# [Data records]
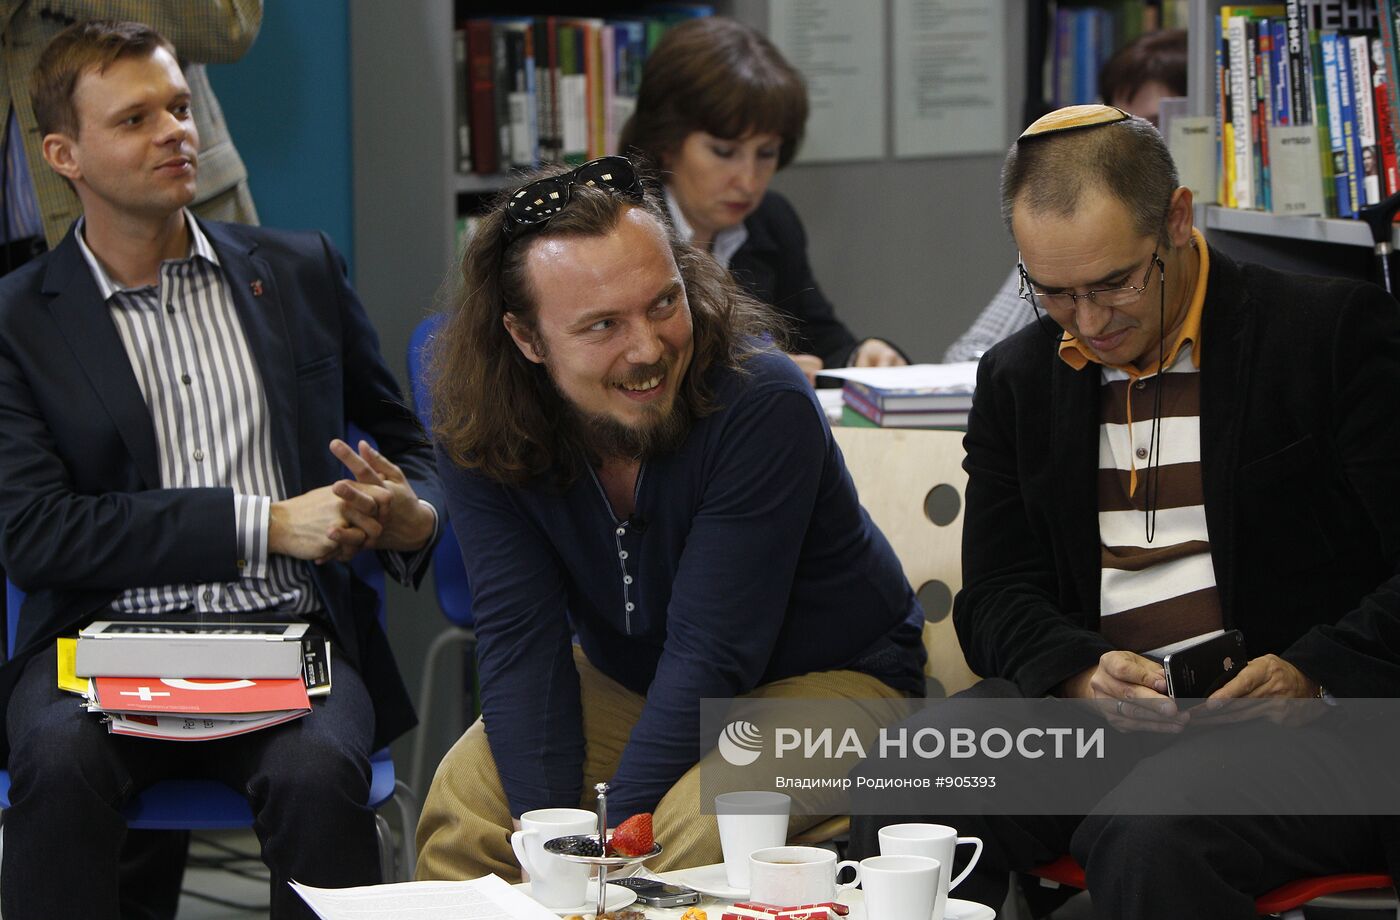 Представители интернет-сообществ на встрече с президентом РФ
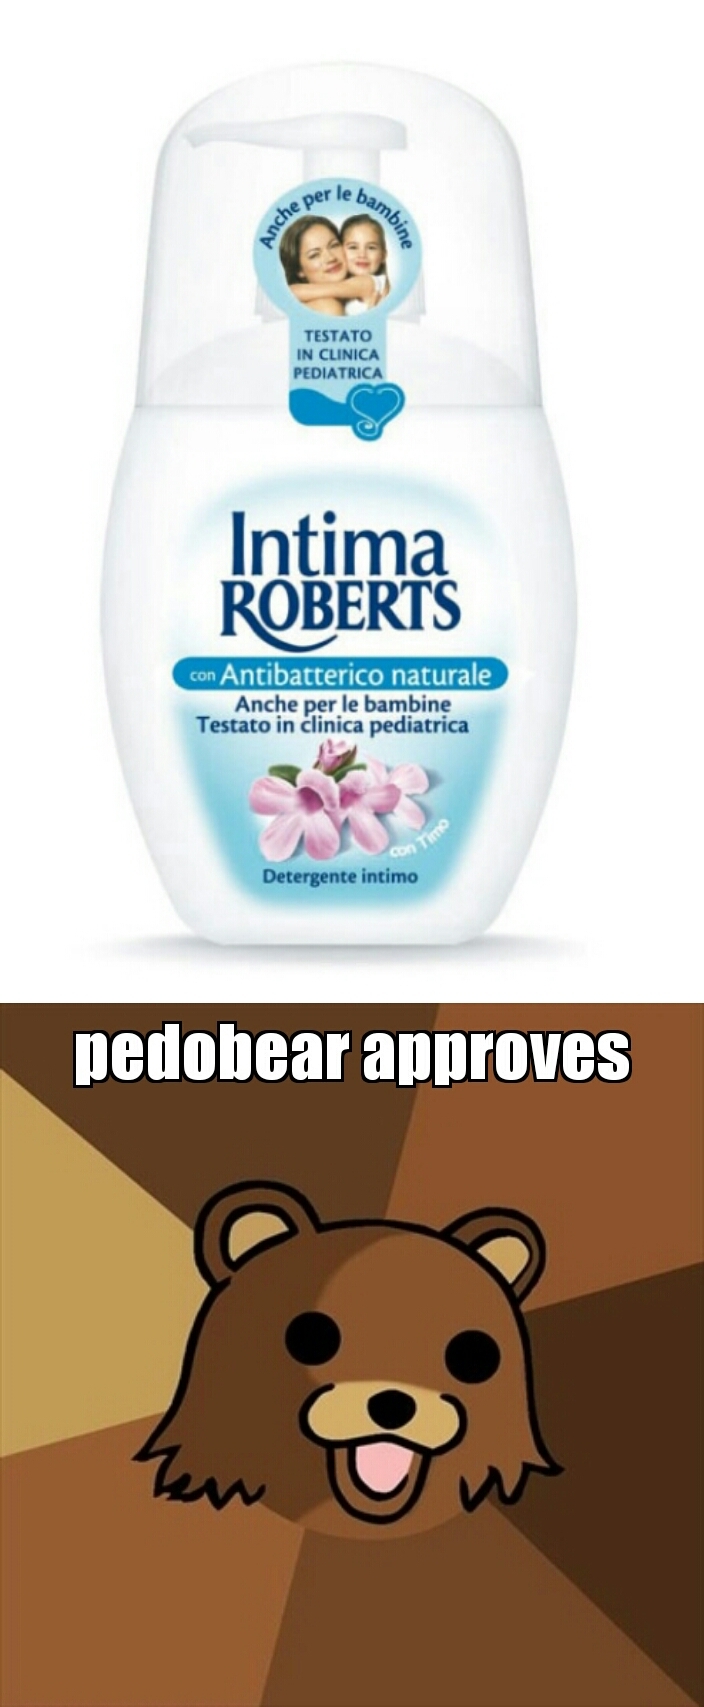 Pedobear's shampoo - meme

==

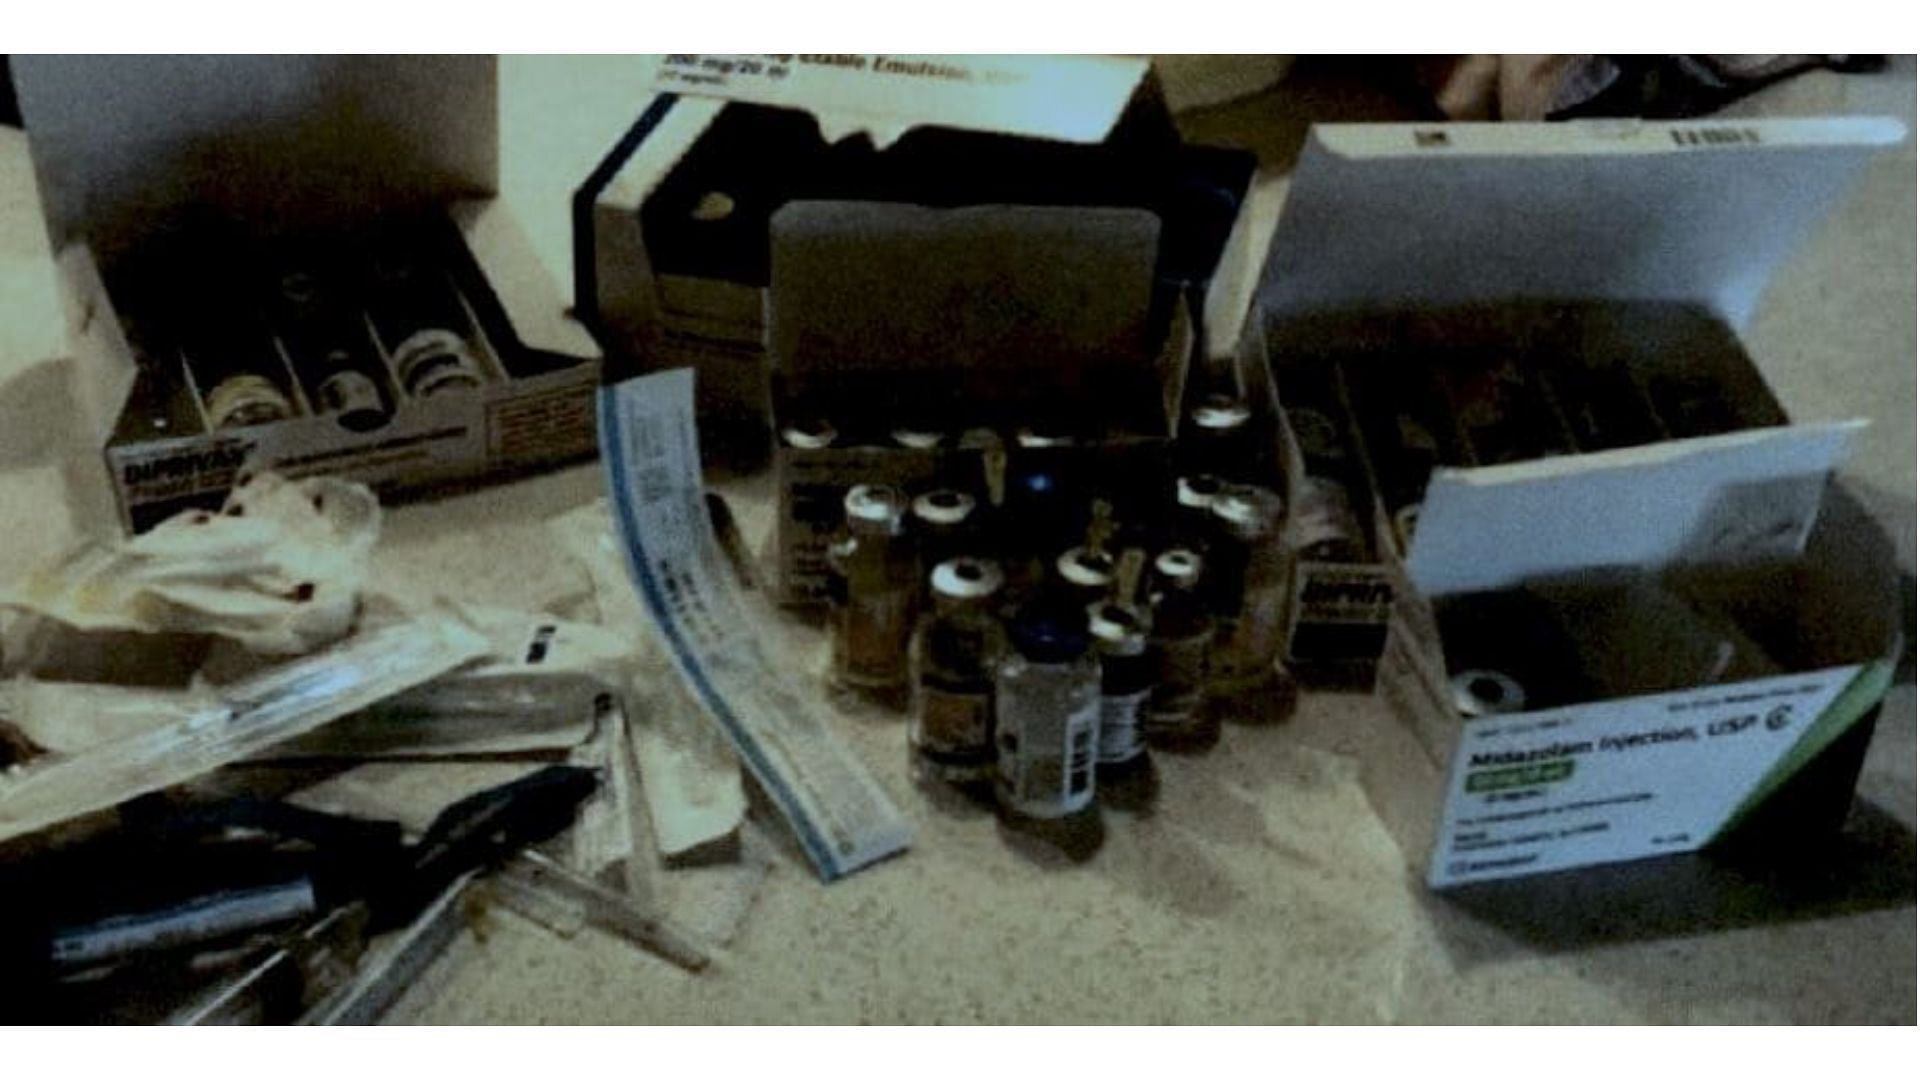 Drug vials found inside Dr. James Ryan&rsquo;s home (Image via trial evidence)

# [Directions for this task]
Write back the stretch of lines above that begins with the line holding "Представители интернет-сообществ на" and ends with the line holding "Pedobear's shampoo - meme", both included, exactly as written. Pictures stay out.

# [Solution for this exercise]
 Представители интернет-сообществ на встрече с президентом РФ
 Pedobear's shampoo - meme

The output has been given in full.